Supplied information –
*****
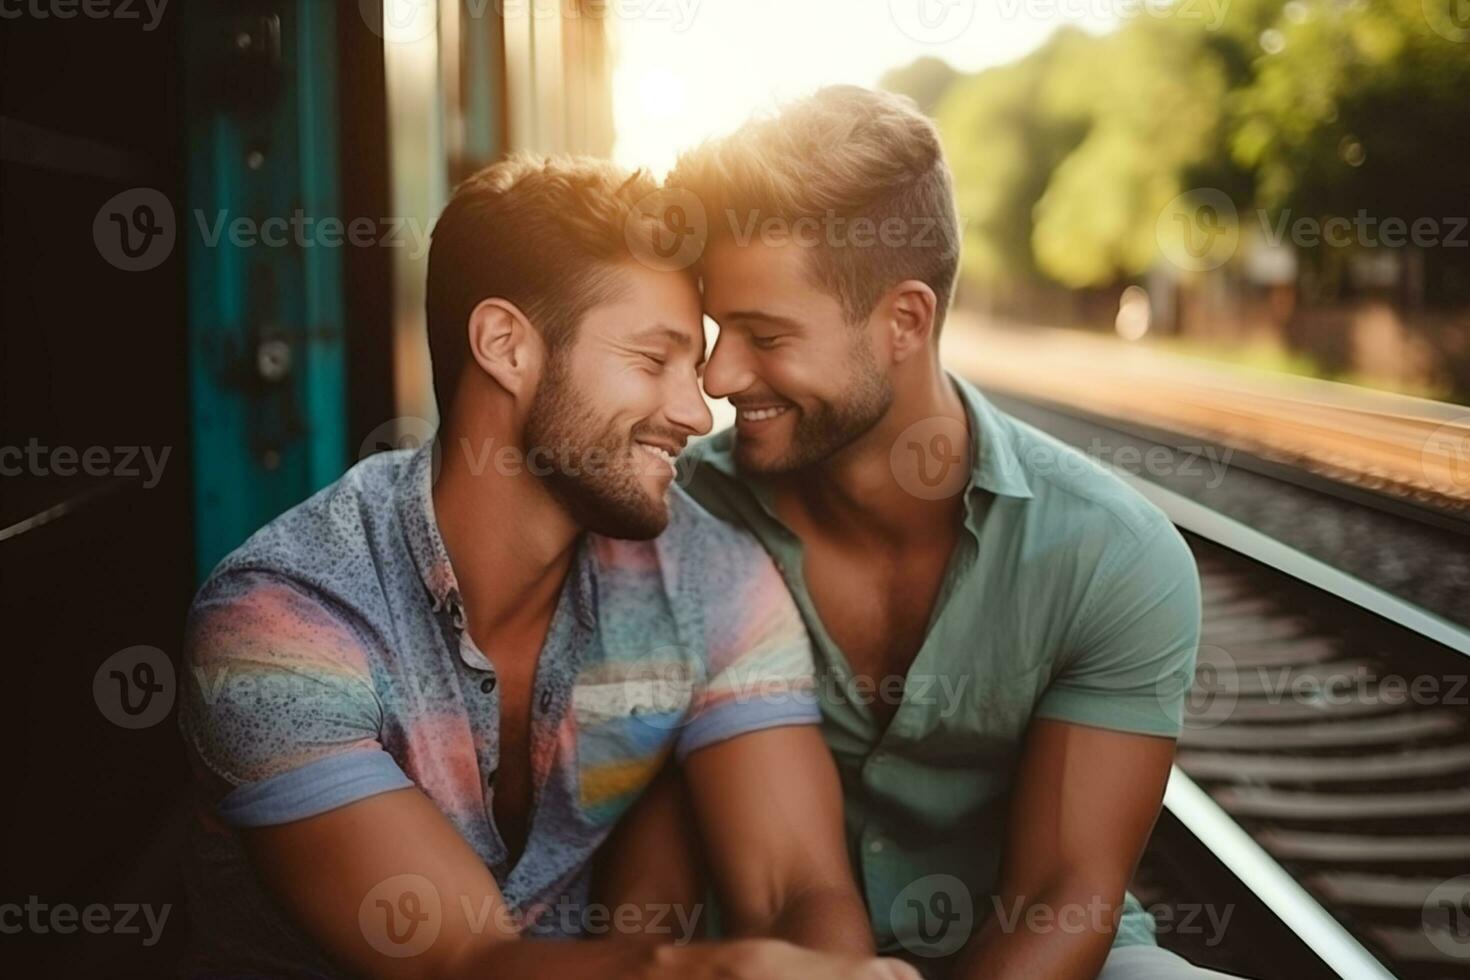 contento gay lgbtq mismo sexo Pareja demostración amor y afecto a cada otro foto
*****
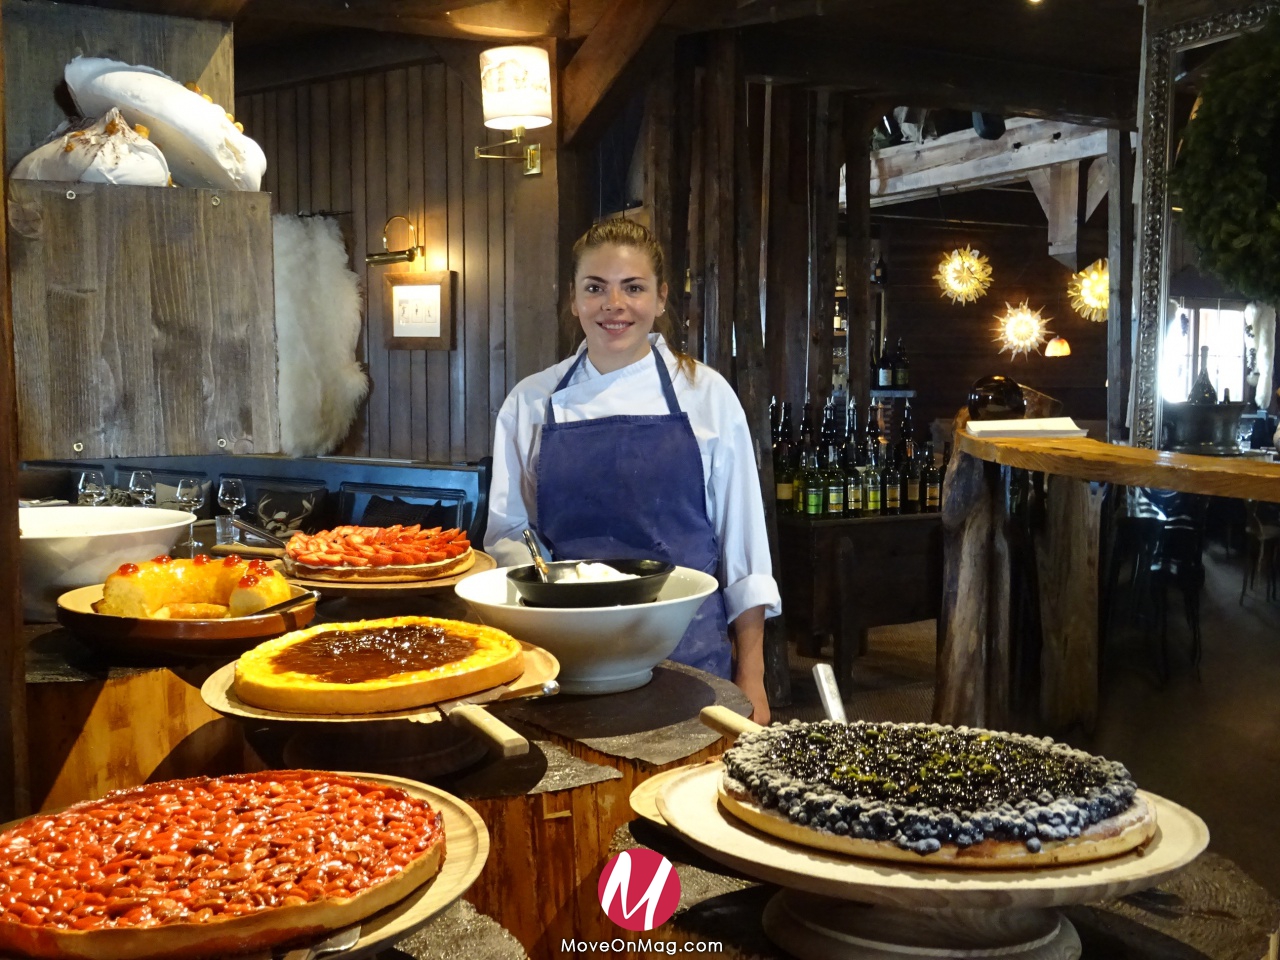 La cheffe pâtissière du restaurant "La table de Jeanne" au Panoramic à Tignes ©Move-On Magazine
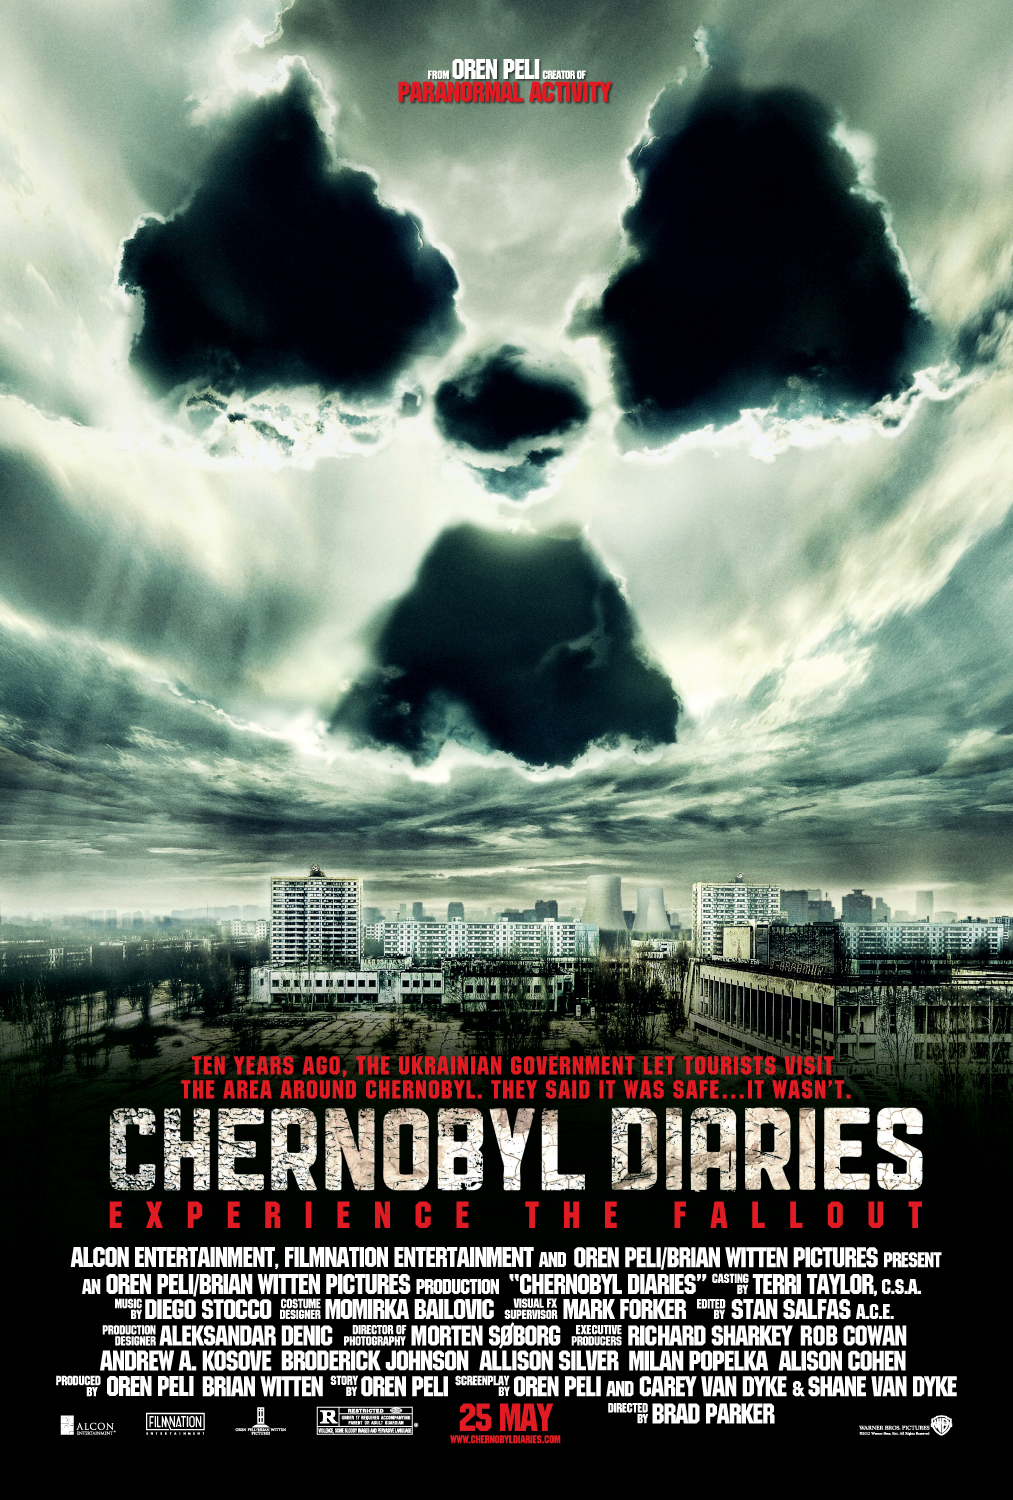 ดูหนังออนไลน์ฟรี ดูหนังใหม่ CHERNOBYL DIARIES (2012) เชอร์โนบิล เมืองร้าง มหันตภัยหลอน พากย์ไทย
*****
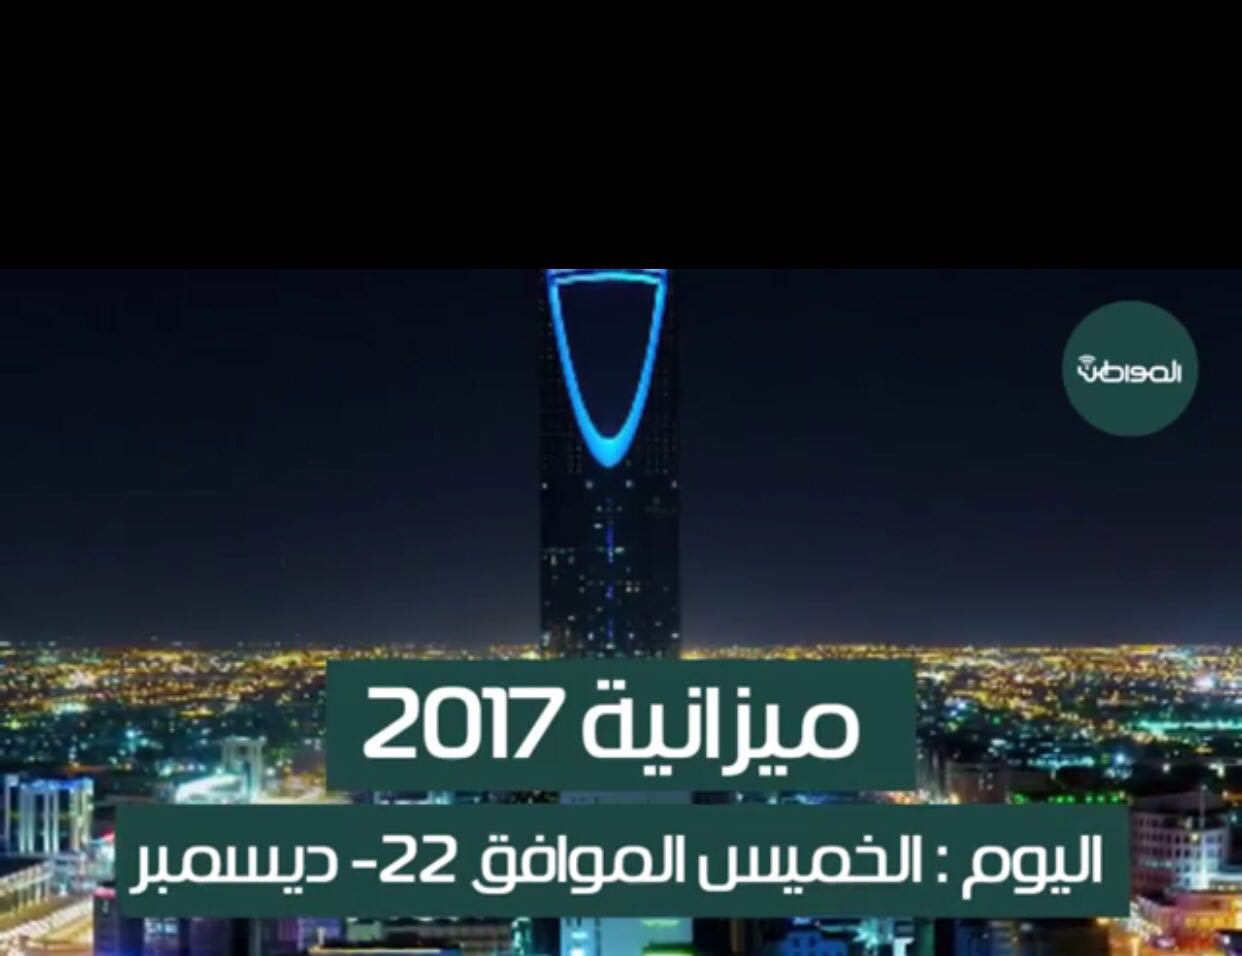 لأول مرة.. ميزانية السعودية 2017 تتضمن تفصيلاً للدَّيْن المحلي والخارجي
*****
Repeat exactly the stretch of the listing above that starts with the line holding "La cheffe pâtissière" and finishes with the line holding "ดูหนังออนไลน์ฟรี ดูหนังใหม่ CHERNOBYL", both included. Skip every picture.

Your response –
 La cheffe pâtissière du restaurant "La table de Jeanne" au Panoramic à Tignes ©Move-On Magazine
 ดูหนังออนไลน์ฟรี ดูหนังใหม่ CHERNOBYL DIARIES (2012) เชอร์โนบิล เมืองร้าง มหันตภัยหลอน พากย์ไทย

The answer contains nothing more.